Sure enough, a few seconds later another hit occurs, and I miss that fish, as well.
"Don't worry, you're getting the hang of it," consoles Loupe. "The catfish rig is easy to fish."
He's right; on the third cast, yet another smallmouth mauls the tube, and I'm able to hook and land this fish — a fat 14-incher. By my 10th cast, I have caught a 16-inch smallie, a fish that proved quite a challenge to land given the swift current. But Loupe's right; the catfish rig is easy to fish — and an incredibly effective way to prospect for smallmouth in rapidly moving water.
"I had seen several similar pre-made rigs in the catfish section of sporting goods stores and also similar rigs used for bottom fishing for walleye," Loupe, a 45-year-old human resources manager, explains. "I'm always looking for options to fish baits in a way the smallmouth haven't seen and to use in specific situations. I felt that this rig might provide me a way to keep the lure above moss and grass and also provide a way for me to feel and search the bottom.
"The principle is that the bell weight drags along the contour of the bottom while allowing the tube or other soft plastic bait to float downcurrent just above the bottom, with how high depending on leader length. The lure has a lot of unrestricted movement, waving side to side, up and down."

Loupe believes this variety of constant, erratic movements can trigger strikes at any time — a real advantage since most lures draw strikes only when they land or during the first few turns of the reel. This ability to entice strikes throughout the retrieve is similar to that of Carolina and drop shot rigs. The difference, emphasizes Loupe, is that the catfish rig excels in moving water while the other two rigs are used mostly in calm water.
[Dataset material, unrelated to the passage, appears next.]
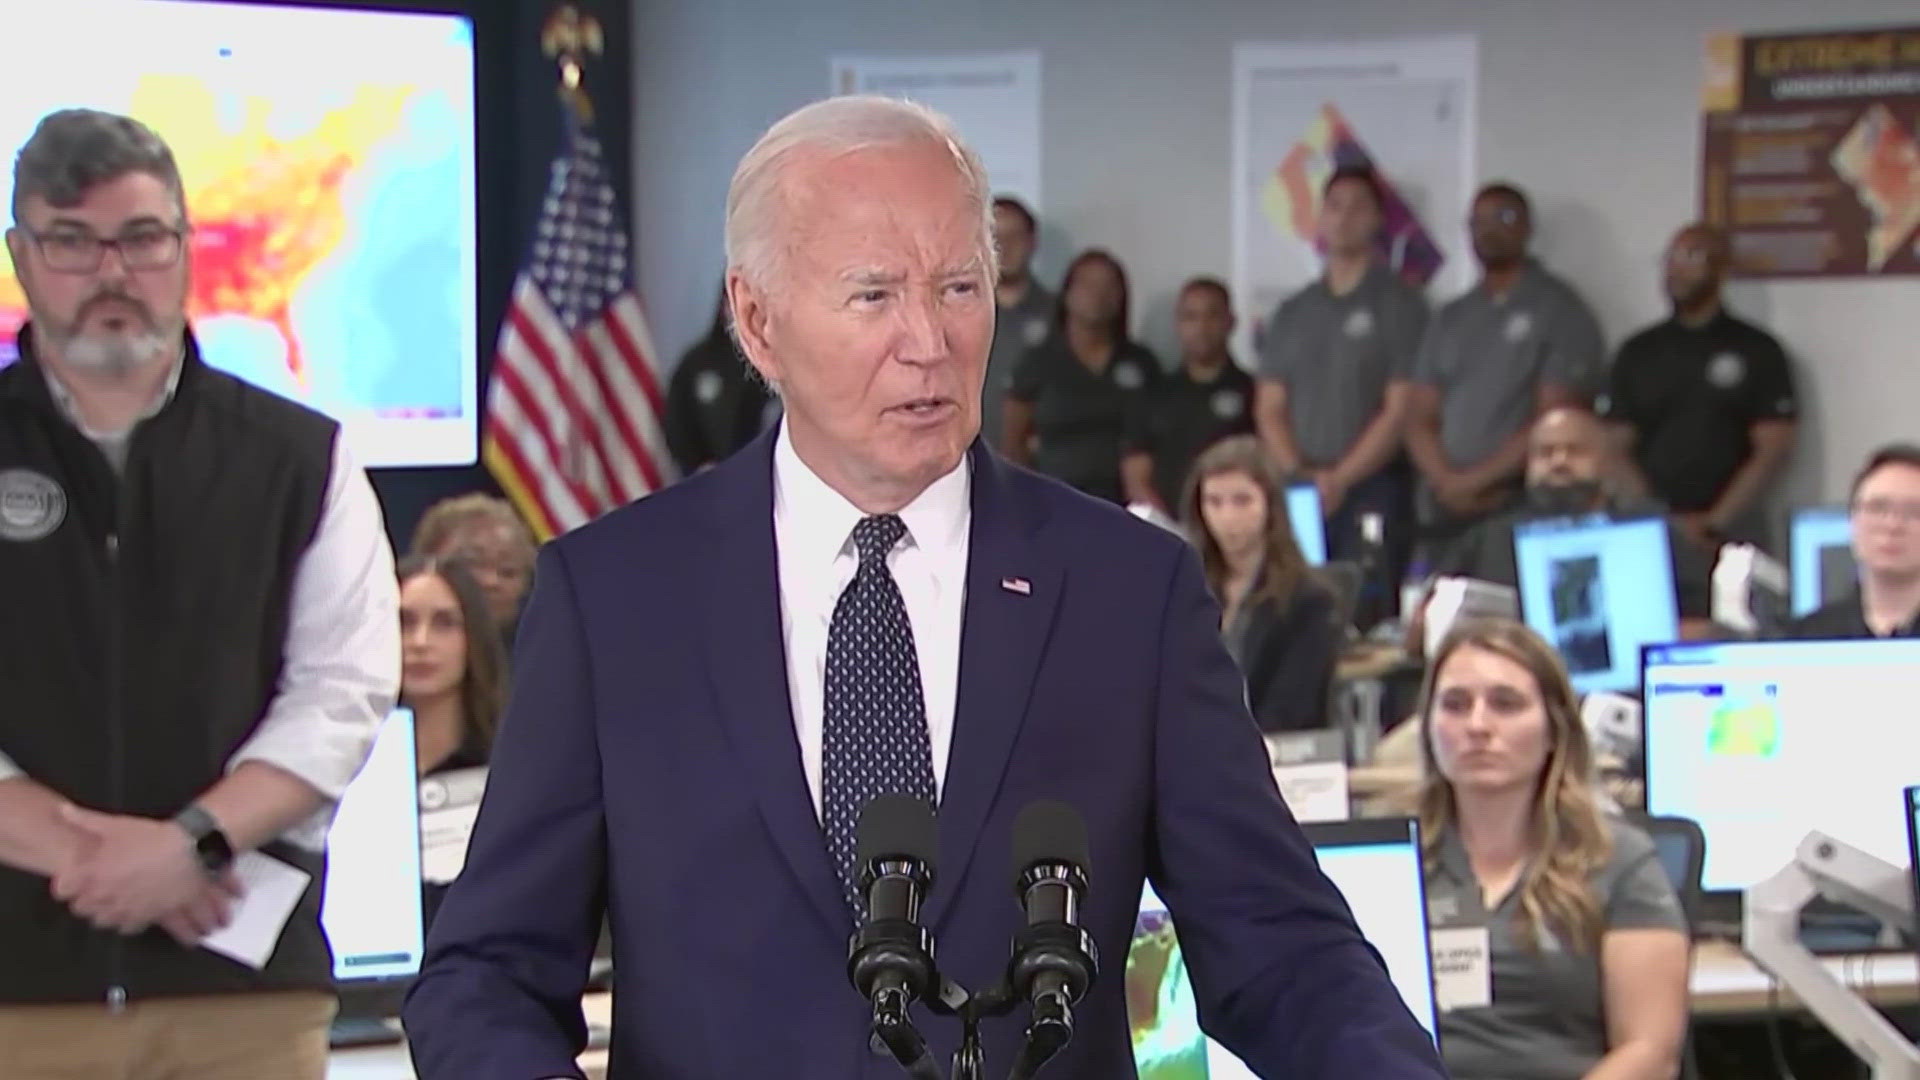 President Biden joined by DC Mayor Muriel Bowser and Clint Osborn, the acting director of DC's Homeland Security and Emergency Management Agency.

Loupe offers a quick answer when asked around what type of river structure and cover the catfish rig performs best.
"Anywhere," he grins. "The rig seems to be adaptable to all cover types. It seems to work better when there is current, the stronger the better, but I feel it works well in slow current, as well."
There are, however, certain areas where the catfish rig really excels. For example, on our float, Loupe anchors some 20 yards below where a Class I rapid drops off into a trough characterized by a chunk rock and cobblestone bottom. He casts the rig into the heart of the rapid and pauses the bait where the swift water starts to break. The result is a good-sized smallie.
Another good situation is a current break caused by a boulder where an eddy forms below. Many river runners would circle below the rock and cast upstream into the heart of the eddy, where smallmouth typically take up position. Loupe, though, prefers to fish the catfish rig downstream because doing so gives the bait a more erratic action and keeps the bell sinker from snagging as often.

Loupe also avoids casting a bait into the heart of the eddy. Instead, he drops a soft plastic lure just outside the eddy wall. Once the bell sinker digs into the substratum, the bait swings in and out of the current break. The possibility of the fake creature escaping the eddy will stimulate a smallmouth to strike.
Our float trip took place in late August, but Loupe emphasizes that the catfish rig is an all-season rig. In fact, one of his best outings took place in January when he landed four smallmouth, all between 20 and 22 inches. He caught the quartet from a dropoff below a rapid.
Loupe relies on a considerable stable of baits for the catfish rig. Among his favorites are numerous Charlie Case creations: 4 1/2-inch Magic Stiks, 4 1/2-inch Jack's Worms, 4 1/2-inch King Grubs, 3 3/4-inch Sinkin Salty Minnows, 5-inch Sinkin Salty Shads, tubes and 5-inch Charliemanders. Other favorites include 4-inch Venom Salt Series Tubes and Yamamoto Senkos.
At the end of our excursion, Loupe anchors his boat near where the main channel swings in against the shoreline. He quickly entices a brown bass with a Case Magic Stik — one last testament to the effectiveness of the catfish rig.
"If you hang up, depending on what you hang up of course, you usually lose either the weight or the lure, but not both, which is a huge plus," says Barry Loupe. "After I lose part of a rig, I can quickly retie the part I lost. Or I can slip on one of the pre-tied rigs I make before I go fishing."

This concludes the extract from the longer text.